Blair contends that America's diet and leisure-time exercise habits have changed little during the past few decades. Dietary surveys and other data collected by the U.S. Department of Agriculture "[suggest] that energy intake in the United States has not increased during the past 40 years," he writes. Studies of physical activity habits only assess participation in leisure-time sports and fitness activities, says Blair, who adds that these numbers have remained constant over the last 25 years.

America's alarming girth growth, say Blair and numerous other health experts, is directly related to "physical activity being engineered out of daily life." In our computerized, remote-control culture--in which moving walkways whisk travelers through airports and doors fly open as if by magic--Blair says the average adult expends about 300 to 700 fewer calories per day than our parents did. Although numerous studies have demonstrated that lifestyle activities, such as climbing stairs and parking in the farthest space, can provide health benefits similar to those gained in a gym workout, Blair says our society has created a "toxic environment" that discourages movement. Streets are often too dangerous for pedestrians to cross, stairwells are frequently hidden, and parks in some areas are unsafe.
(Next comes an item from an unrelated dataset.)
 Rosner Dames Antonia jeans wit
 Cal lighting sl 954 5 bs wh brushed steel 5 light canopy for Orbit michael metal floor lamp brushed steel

"Obesity is an environmental issue," says John Foreyt, director of the behavioral medicine research center at Baylor College of Medicine in Houston. "Westernized nations have unlimited access to good-tasting, calorically dense foods and very little energy expenditure during a typical day. This 'obesogenic' environment is completely opposite to the one that shaped human evolution." Our ancestors evolved effective mechanisms to store fat in case of famine, he says, which may now make us less able to shed fat in times of plenty.

Although Foreyt agrees that Americans expend about 300 fewer calories per day than previous generations, he disagrees with Blair's assertion that food consumption has remained steady. "Studies show we're eating up to 200 calories more per day than we did just 10 years ago," Foreyt says. If current trends continue, he estimates that everyone in America will be obese by 2230.

Foreyt and Blair are among a growing number of health experts calling for public health initiatives to help Americans meet the U.S. surgeon general's recommendation to accumulate 30 minutes of moderate activity on most days. "Restoring physical activity into our daily routine represents a critical goal," says pediatrician William Dietz, director of the division of nutrition and physical activity at the federal Centers for Disease Control and Prevention in Atlanta. "This may involve changes as mundane as improving the location and appearance of stairwells or as complex as the redesign of communities."